According to the Congressional Research Service, both chambers would have to vote with a simple majority of over 50% to reject the presidential elections of a particular state.
Democrats will keep a majority in the US House. The Senate will likely be tightly controlled by Republicans until there are two US Senate runoff elections in Georgia, held the day before January 5th. Hence, it is highly unlikely that Republicans will have the majority required to turn down a state's voters.
"I think what they need to remember is that it is not going anywhere. I mean, it would go down like a dog in the Senate," South Dakota-born John Thune told the GOP Senate majority whip on CNN.
Read more: EXCLUSIVE: Jared Kushner helped start a Trump campaign shell company that secretly paid the president's family members and spent $ 617 million on re-election money, a source told Insider
While members of Congress have legitimate legal recourse to challenge state voters in the Chamber, this process has only been used twice since the ECA came into effect in 1887.

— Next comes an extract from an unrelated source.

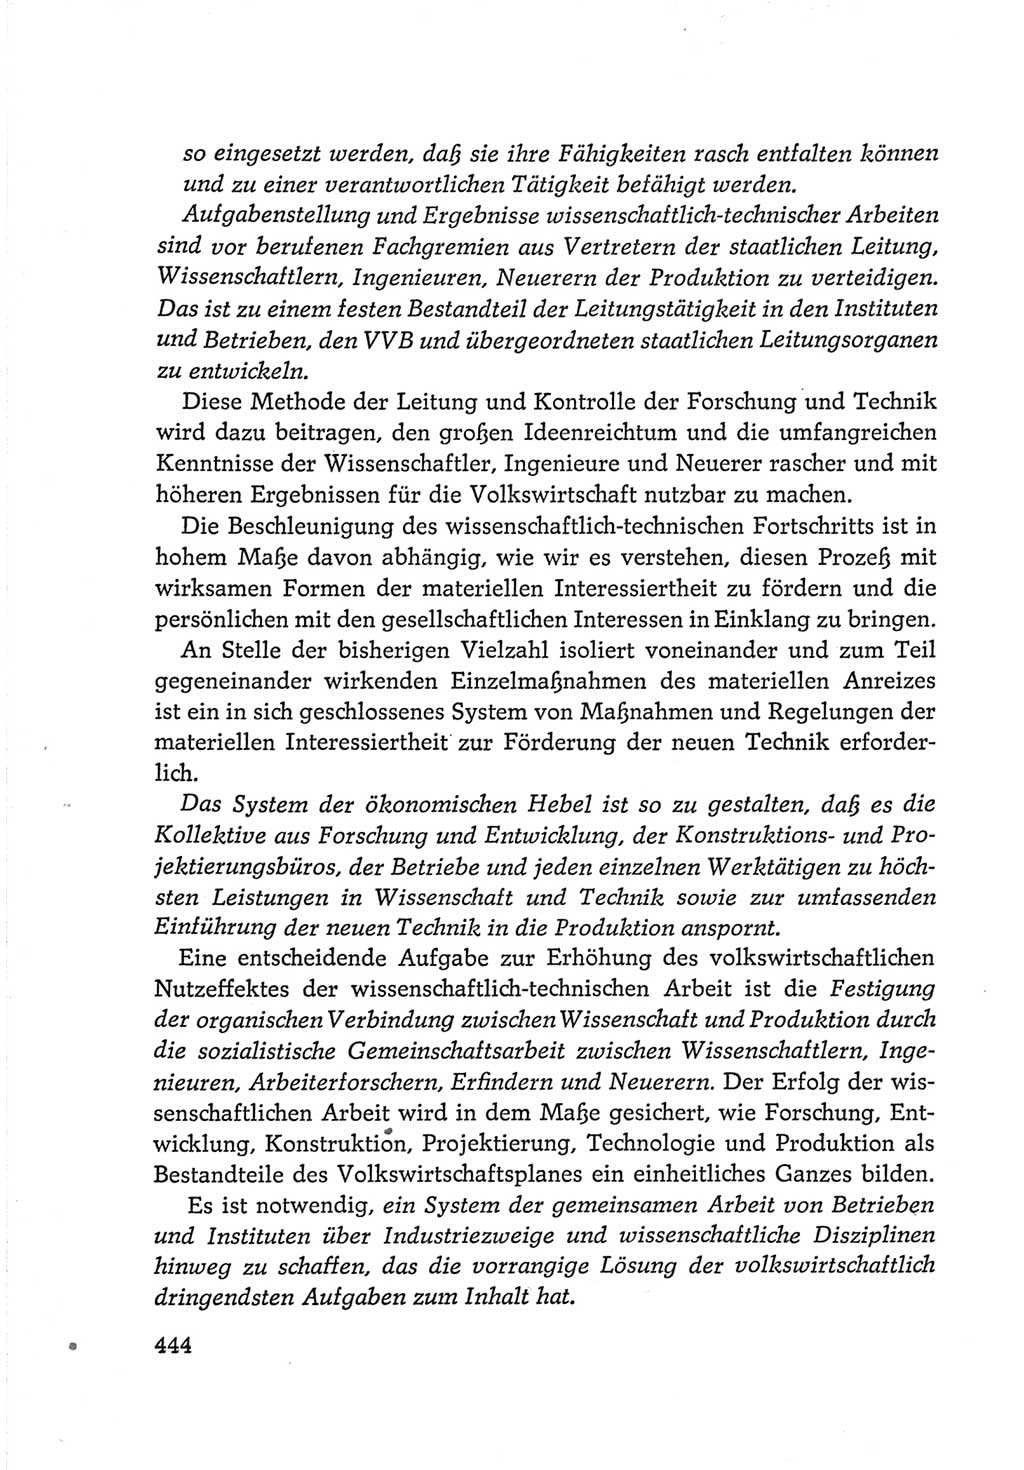 Protokoll der Verhandlungen des Ⅵ. Parteitages der Sozialistischen Einheitspartei Deutschlands (SED) [Deutsche Demokratische Republik (DDR)] 1963, Band Ⅳ, Seite 444 (Prot. Verh. Ⅵ. PT SED DDR 1963, Bd. Ⅳ, S. 444)
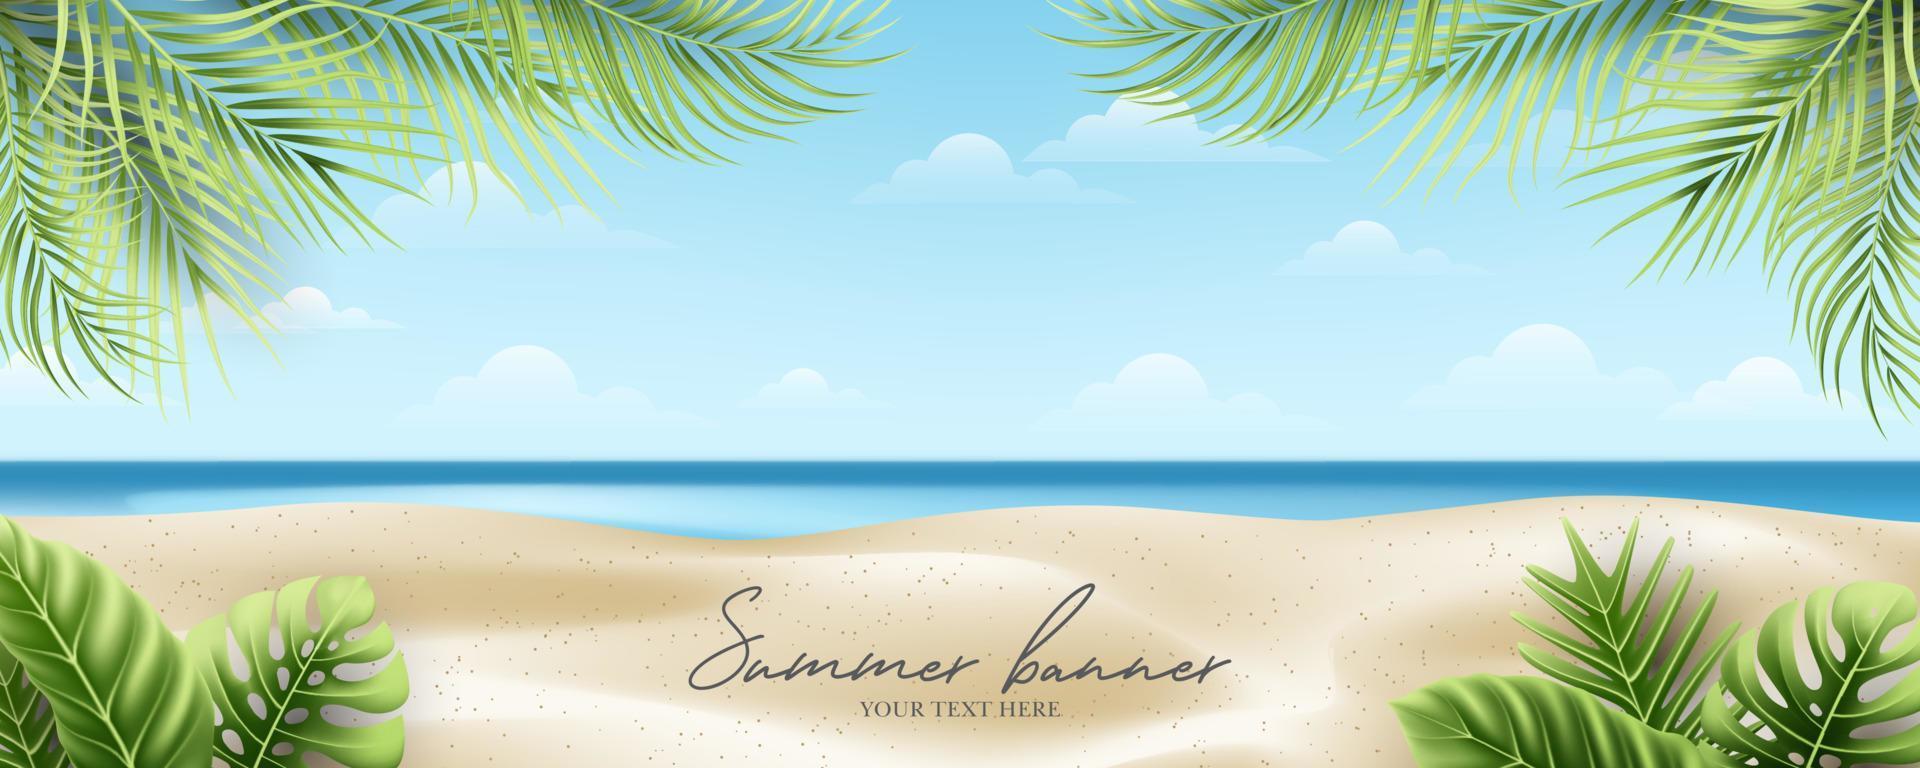 sommar och semester banner koncept på vacker tropisk strand och lövverk bakgrund vektor

The last time this scenario played out was in January 2005, when Ohio Democratic MP Stephanie Tubbs Jones and Senator Barbara Boxer joined Ohio across the state, citing widespread mismanagement of the 2004 election and disenfranchisement of voters the presidential election.
The Jones and Boxers challenge failed 74-1 in the Senate and 26731 in the US House, CNN reported at the time.
If the House and Senate Republicans challenge Georgia’s electoral votes to force a vote, it will likely only delay the process for a few hours and not really change the outcome. If the group challenges the voters of several states, the process could drag on until the next day, which the ECA provides.
Even in the unlikely event that both houses voted to reject Georgia's 16 Biden voters, Biden would still have 290 votes - still well above the 270 Electoral College electoral threshold as President.